DUNDALK WON the EA Sports Cup in a penalty shootout at the Ryan McBride Brandywell Stadium after thrilling 2-2 encounter against 2018 winners Derry City.
Derry City 2-2 Dundalk (Dundalk won 6-5 on penalties)
Report by Shaun Keenan at the Ryan McBride Brandywell Stadium
Photos by JPPhotography
Patrick Hoban, Michael Duffy, Daniel Clery, Dean Jarvis, Sean Hoare and Chris Shields scored from the spot for Dundalk and even though Cherrie saved from Robbie Benson it was to no avail.
Jack Malone’s spot-kick was saved by Aaron McCarey and Ally Gilchrist hit the crossbar as Derry were sunk, despite Jamie McDonagh, Barry McNamee, Michael McCrudden, Ciaron Harkin and Eoin Toal converting their penalties.
In normal time, goals from David Parkhouse and Junior Ogedi Uzokwe were cancelled out by Michael Duffy and Sean Gannon.
Derry City took an early lead when David Parkhouse opened the scoring for the home side after three minutes.
Junior Ogedi-Uzokwe initial effort was well-parried by the Dundalk stand-in Aaron McCarey, but the Monaghan man couldn’t deny Parkhouse from three-yards.
To Dundalk’s credit, they responded well and they snatched an equaliser after 38 minutes when Michael Duffy’s superb strike from the edge of the penalty area diverted beyond Cherrie.
Shortly after the restart, Dundalk started the second half similar to the first as City, who had virtually none of the ball in the opening 45 minutes, restored their lead.
Scampering on the counter-attack, Barry McNamee found Junior with a deft pass and a costly slip from McGrath gave the City winger the incentive – his speculative effort deflecting off Sean Hoare to send the Brandywell faithful into a frenzy.
But the air was soon sucked out of the Lone Moor Road stadium when Grant Gillespie picked up his second booking of the contest to reduce Devine’s outfit to ten men.
It looked only a matter of time before Dundalk scored the equaliser and with 20 minutes to go, Duffy, instrumental as ever to the Dundalk attack, forced Cherrie into an awkward stoppage, but with Gannon lurking the visitors snatched the leveller to send the game to extra-time.
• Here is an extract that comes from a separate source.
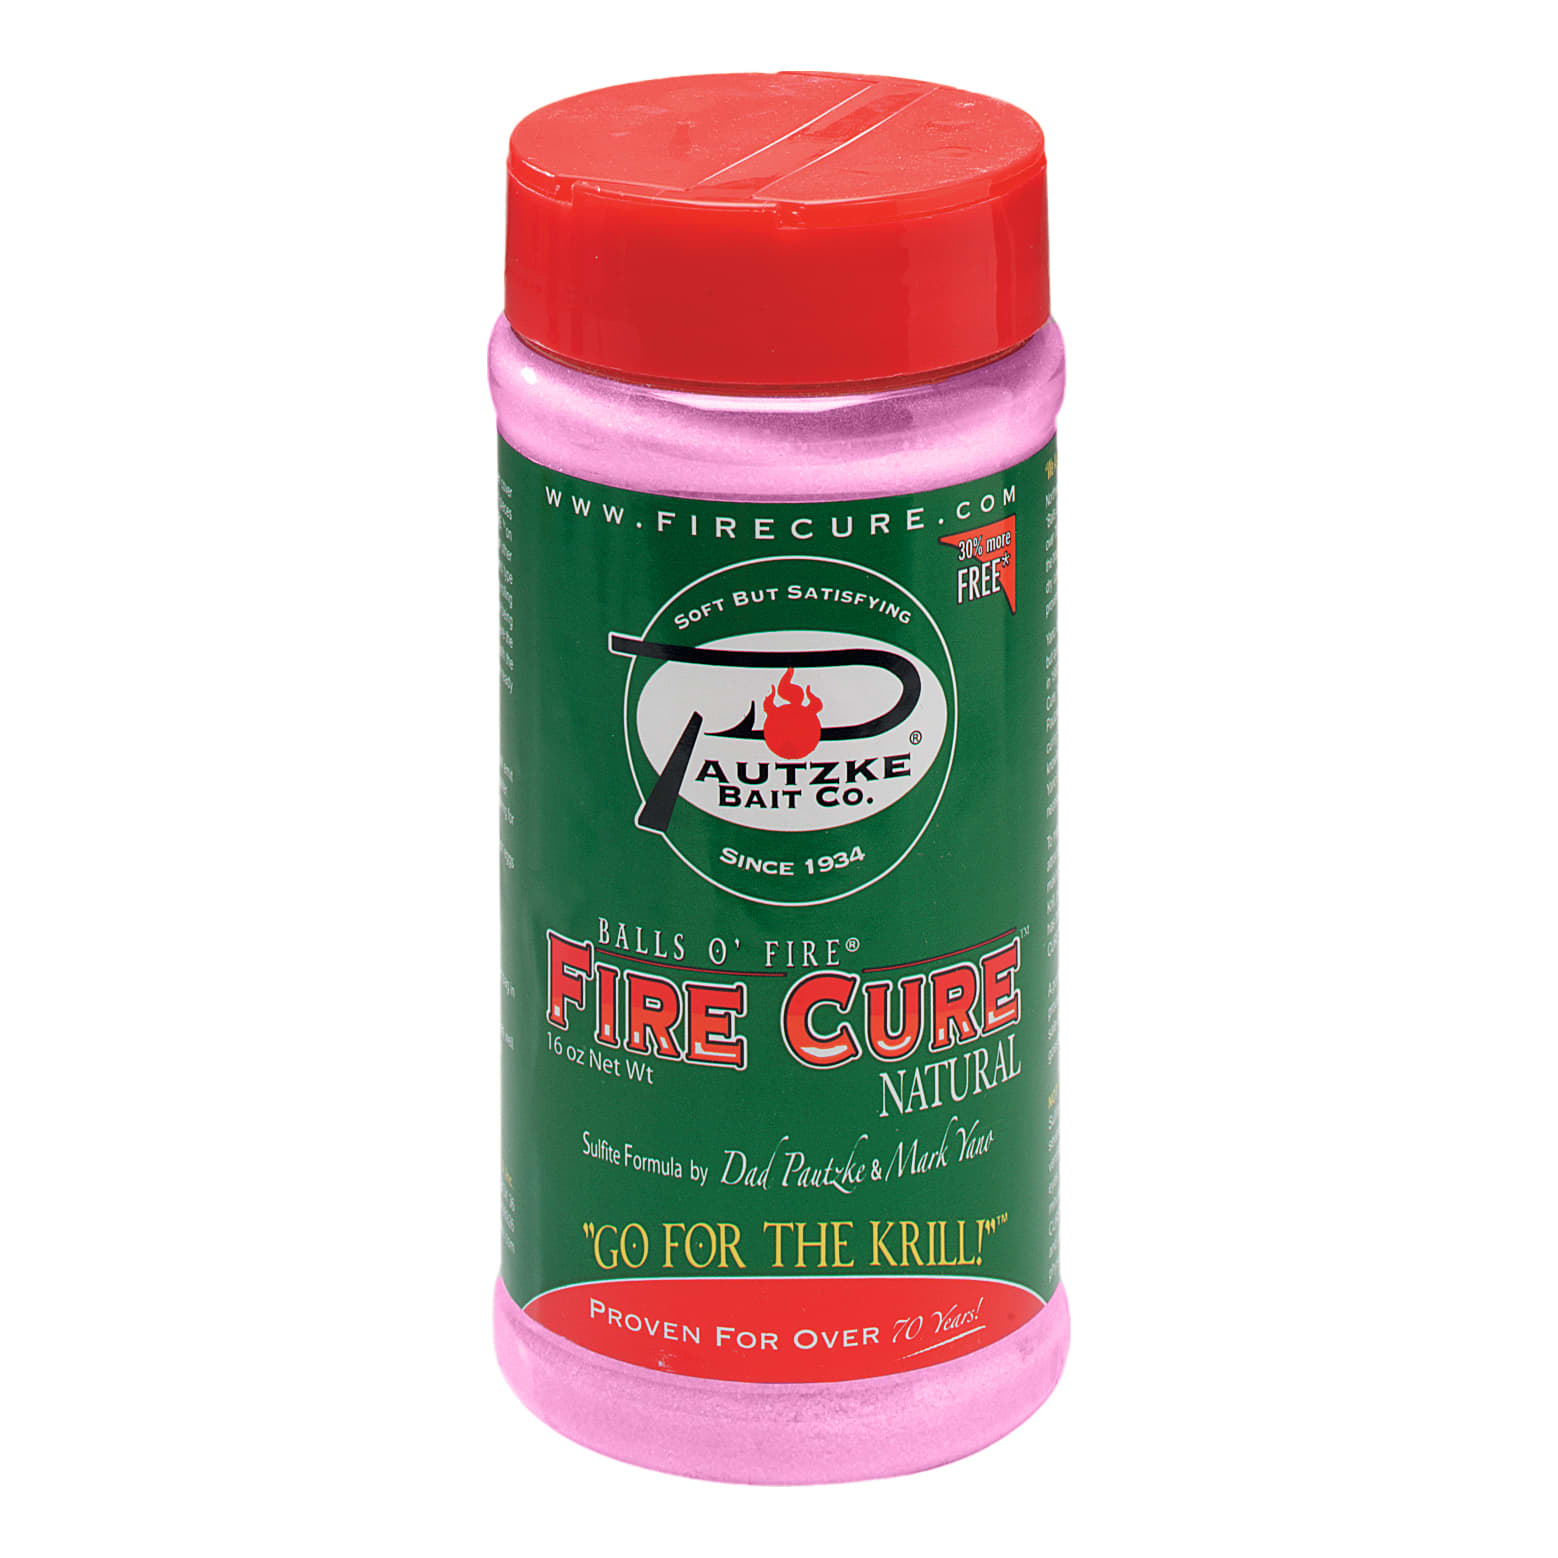 Pautzke Bait Co. Fire Cure Egg Cure - Pink

For all of Dundalk’s attacking talent and control it was City after 109 minutes that should have snatched the lead when Michael McCrudden failed to beat the goalkeeper from close range.
In the end, Dundalk claimed the first major trophy as they chase a historic treble.
Olé olé olé!#CmonTheTown #DERDUN #EASPORTSCupFinal pic.twitter.com/cYjCbYzGOc
— Dundalk FC (@DundalkFC) September 14, 2019
Duffy kept Dundalk ticking over throughout and while a treble is still a distant prospect for Perth’s side, they have hit their first target.
Derry City: P. Cherrie; J. McDonagh, A. Gilchrist, E. Toal, C. Coll; G. Bruna (D. McCauley, h/t, A. Delap 126), G. Gillespie; C. Harkin, B. McNamee, J. Ogedi-Uzokwe (M. McCrudden,100); Parkhouse (J.Malone, 77).
Dundalk: A. McCarey; S. Gannon, S. Hoare, D. Cleary, D. Massey; D. Kelly (Benson, 67), C. Shields, P. McEleney (D. Jarvis, 112), M. Duffy; J. McGrath (G. Kelly, 86), P. Hoban.